Computing bounds under non-constant treatment effect
Keaven M. Anderson
Source:vignettes/articles/story-compute-npe-bound.Rmd
story-compute-npe-bound.RmdOverview
We consider group sequential designs with possibly non-constant
treatment effects over time. This can be useful for situations such as
an assumed non-proportional hazards model as laid out in
vignettes/articles/story-npe-background.Rmd. In general, we
assume \(K \geq 1\) analyses with
statistical information \(\mathcal{I}_k\) and information fraction
\(t_k=\mathcal{I}_k/\mathcal{I}_k\) at
analysis \(k\), \(1\leq k\leq K\). We denote the null
hypothesis \(H_{0}\): \(\theta(t)=0\) and an alternate hypothesis
\(H_1\): \(\theta(t)=\theta_1(t)\) for \(t> 0\) where \(t\) represents the information fraction for
a study. While a study is planned to stop at information fraction \(t=1\), we define \(\theta(t)\) for \(t>0\) since a trial can overrun its
planned statistical information at the final analysis. As before, we use
a shorthand notation in to have \(\theta\) represent \(\theta()\), \(\theta=0\) to represent \(\theta(t)\equiv 0\) for all \(t\) and \(\theta_1\) to represent \(\theta_i(t_k)\), the effect size at
analysis \(k\), \(1\leq k\leq K\).
For our purposes, \(H_0\) will represent no treatment difference, but it could represent a non-inferiority hypothesis.
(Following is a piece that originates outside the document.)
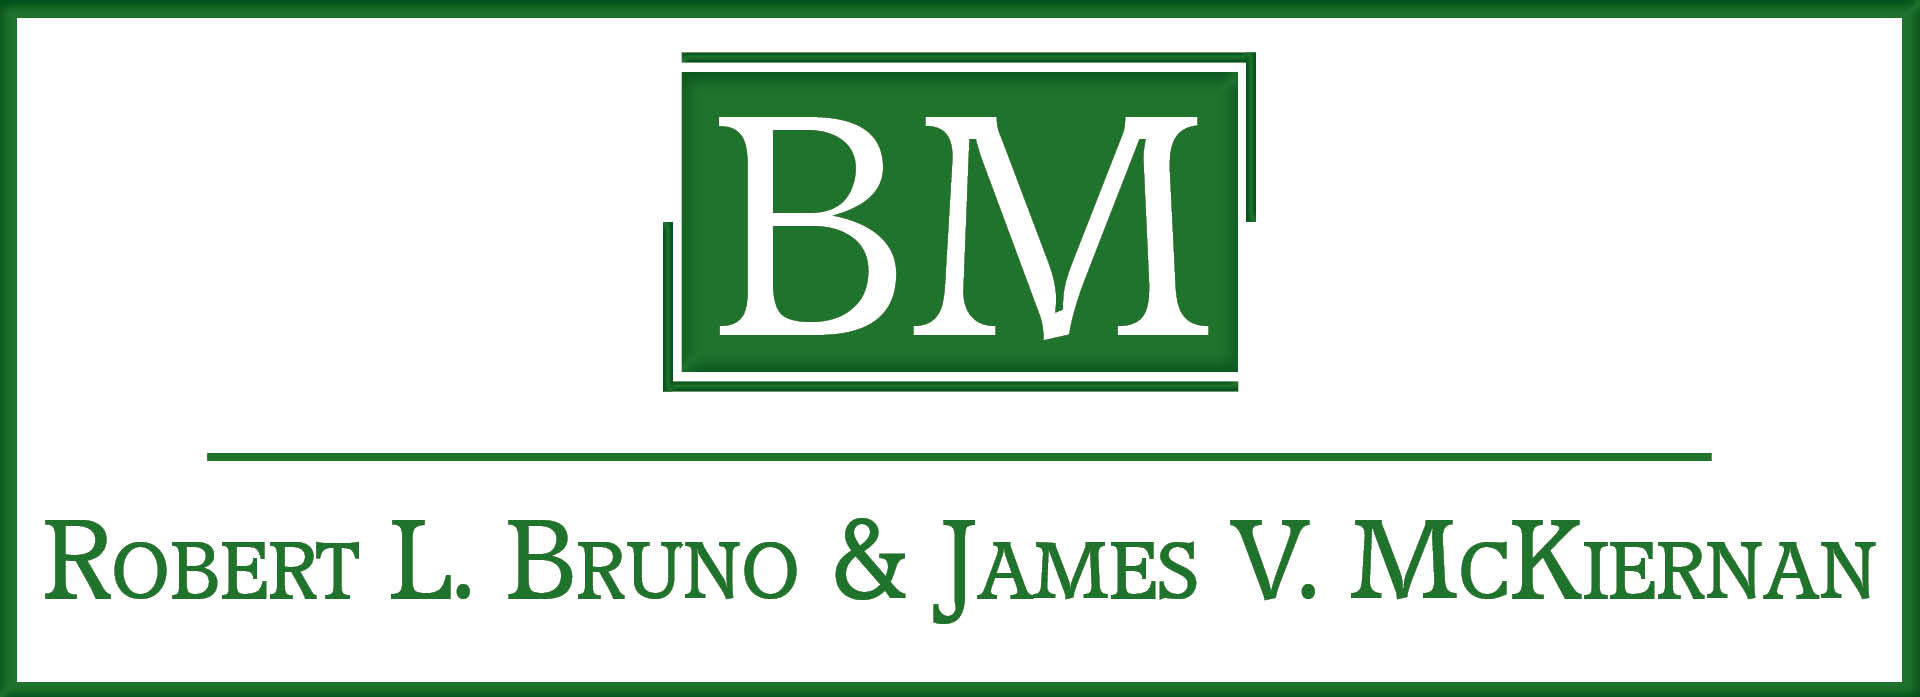 Robert L. Bruno & James V. McKiernan

Recall that we assume \(K\) analyses and bounds \(-\infty \leq a_k< b_k<\leq \infty\) for \(1\leq k < K\) and \(-\infty \leq a_K\leq b_K<\infty\). We denote the probability of crossing the upper boundary at analysis \(k\) without previously crossing a bound by
\[\alpha_{k}(\theta)=P_{\theta}(\{Z_{k}\geq b_{k}\}\cap_{j=1}^{k-1}\{a_{j}\leq Z_{j}< b_{j}\}),\] \(k=1,2,\ldots,K.\) The total probability of crossing an upper bound prior to crossing a lower bound is denoted by
\[\alpha(\theta)\equiv\sum_{k=1}^K\alpha_k(\theta).\]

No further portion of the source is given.